И напротив, текст, выливающийся в один нескончаемый абзац, читается с трудом. Глаз не находит мест, где можно задержаться, передохнуть, строчки легко "ускользают". Чтобы читать подобный текст с удовольствием (то есть не напрягая зрение), нужны относительно крупные буквы, которые облегчают чтение и позволяют в любой момент остановиться, чтобы насладиться красотой фраз.
Я смотрю Замок в немецком карманном издании: тридцать девять строчек, жалко зажатых на маленькой страничке "нескончаемого абзаца": прочесть невозможно; или же это можно прочесть только как информацию; или как документ; но ни в коем случае как текст, предназначенный для эстетического восприятия. В приложении на сорока страницах: все отрывки, изъятые Кафкой из рукописи. Никто не обращает никакого внимания на желание Кафки увидеть свой текст напечатанным (по абсолютно оправданным эстетическим соображениям) крупным шрифтом; выужены все фразы, которые он решил (по абсолютно оправданным эстетическим соображениям) изъять. В этом безразличии к эстетической воле автора отражается вся грусть посмертной судьбы произведений Кафки.

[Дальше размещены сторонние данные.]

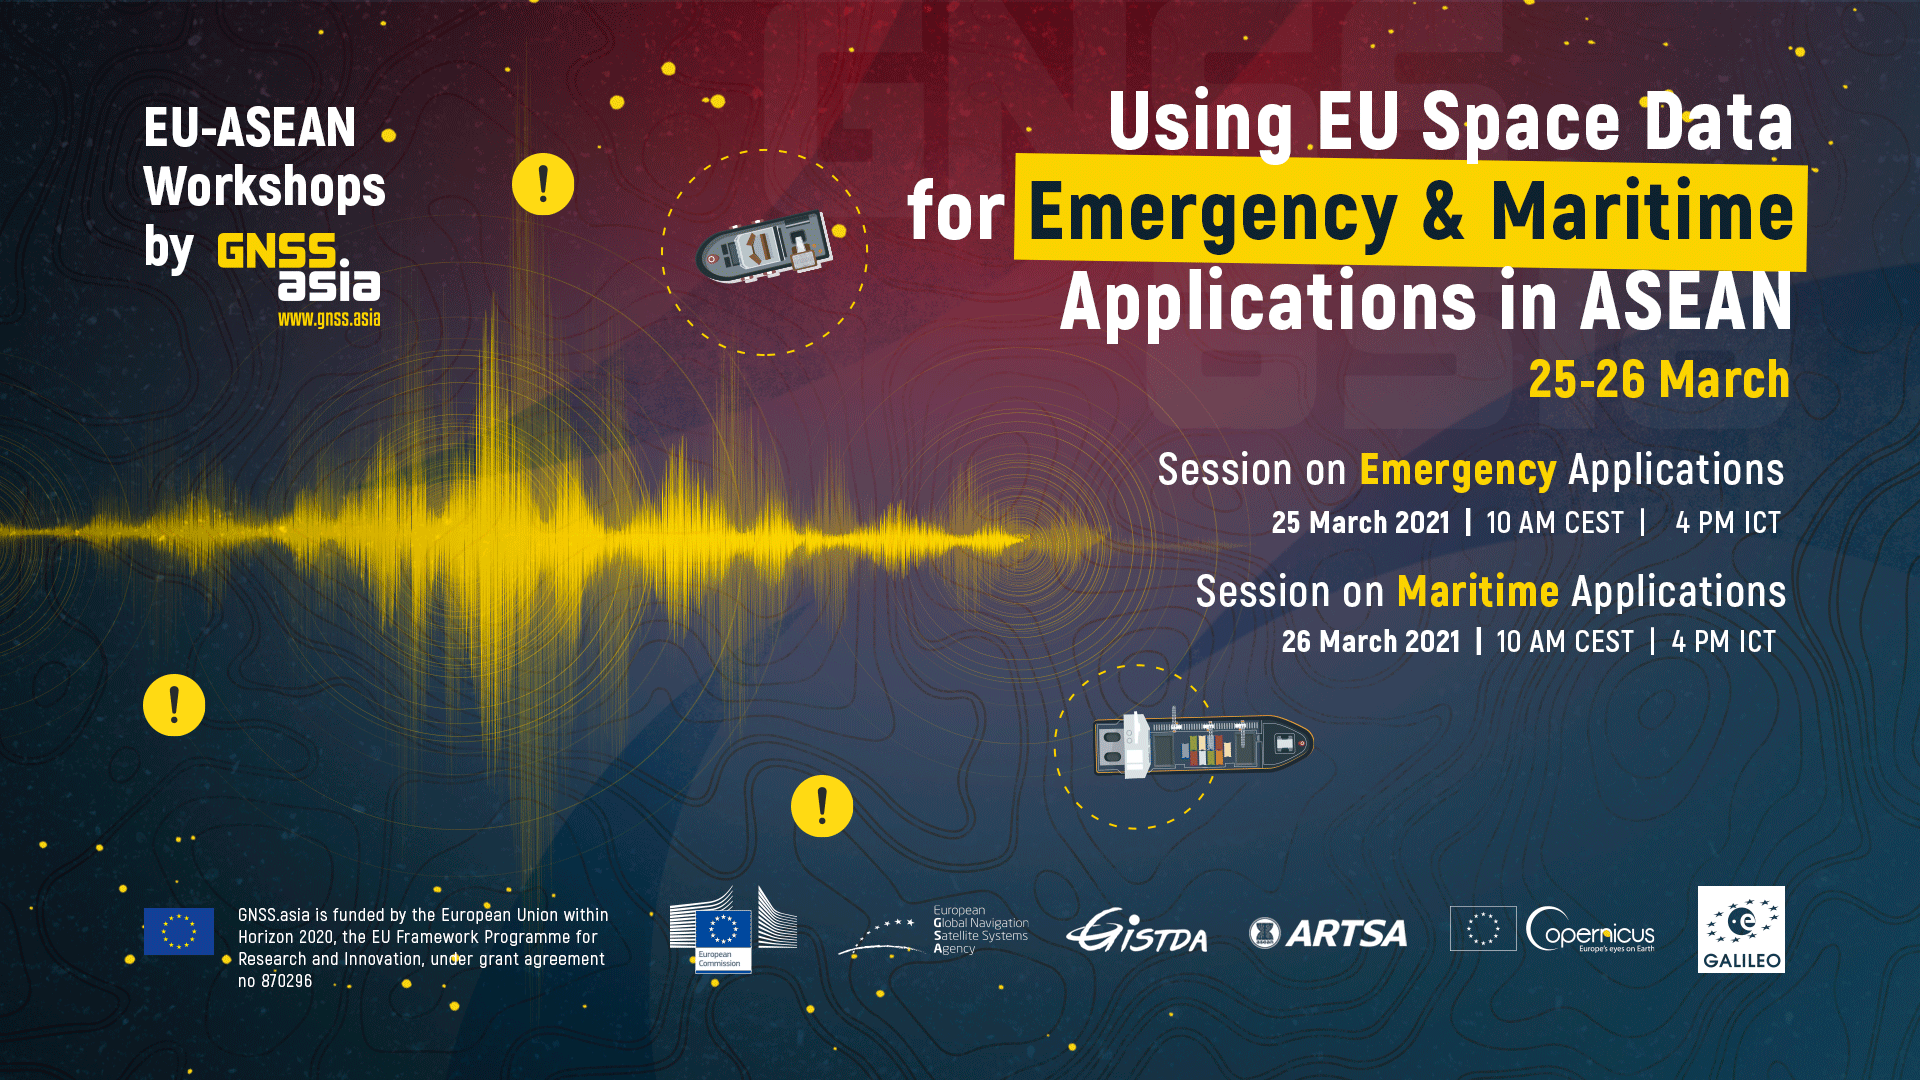 EU-ASEAN Workshop by GNSS.asia on using EU Space Data for Emergency & Maritime Applications in ASEAN

Часть пятая. В поисках утраченного настоящего
1
В центре Испании, где-то между Барселоной и Мадридом, в баре маленького вокзала сидят двое: американец и девушка. Мы ничего о них не знаем, за исключением того, что они ждут поезда на Мадрид, где девушке предстоит операция, наверняка (слово ни разу не произносится) аборт. Мы не знаем, кто они, сколько им лет, влюблены ли они друг в друга или нет, мы не знаем, какие причины заставили их принять это решение. Из их разговора, хотя и приведенного с необычайной точностью, мы ничего не узнаем ни о мотивах их поступка, ни об их прошлом.
Девушка напряжена, и мужчина пытается ее успокоить: "Это же совсем пустячная операция, Джиг. Это даже и не операция". И дальше: "Я поеду с тобой и все время буду рядом с тобой…" И дальше: "А потом у нас все будет хорошо. Все будет у нас по-прежнему".
Когда он чувствует, что девушка даже слегка раздражена, он говорит: "Хорошо. Если ты не хочешь, не надо. Я не хочу, чтобы ты это делала, если ты не хочешь". И в конце снова: "Ты должна понять, что я вовсе не хочу, чтобы ты это делала, если ты не хочешь. Если для тебя это что-то значит, я готов пойти на это".
За репликами девушки угадываются моральные колебания. Она говорит, глядя на пейзаж: "Все это могло быть нашим. Все могло быть нашим, но это с каждым днем становится все более невозможным".
Мужчина хочет успокоить ее: "Все может быть нашим. […]
- Нет. Когда они это забирают, обратно это уже не получишь".
И когда мужчина снова уговаривает ее, что операция неопасная, она говорит: "Ты мог бы что-то для меня сейчас сделать?
- Я сделаю для тебя что угодно.
- Тогда, пожалуйста, пожалуйста, пожалуйста, пожалуйста, замолчи".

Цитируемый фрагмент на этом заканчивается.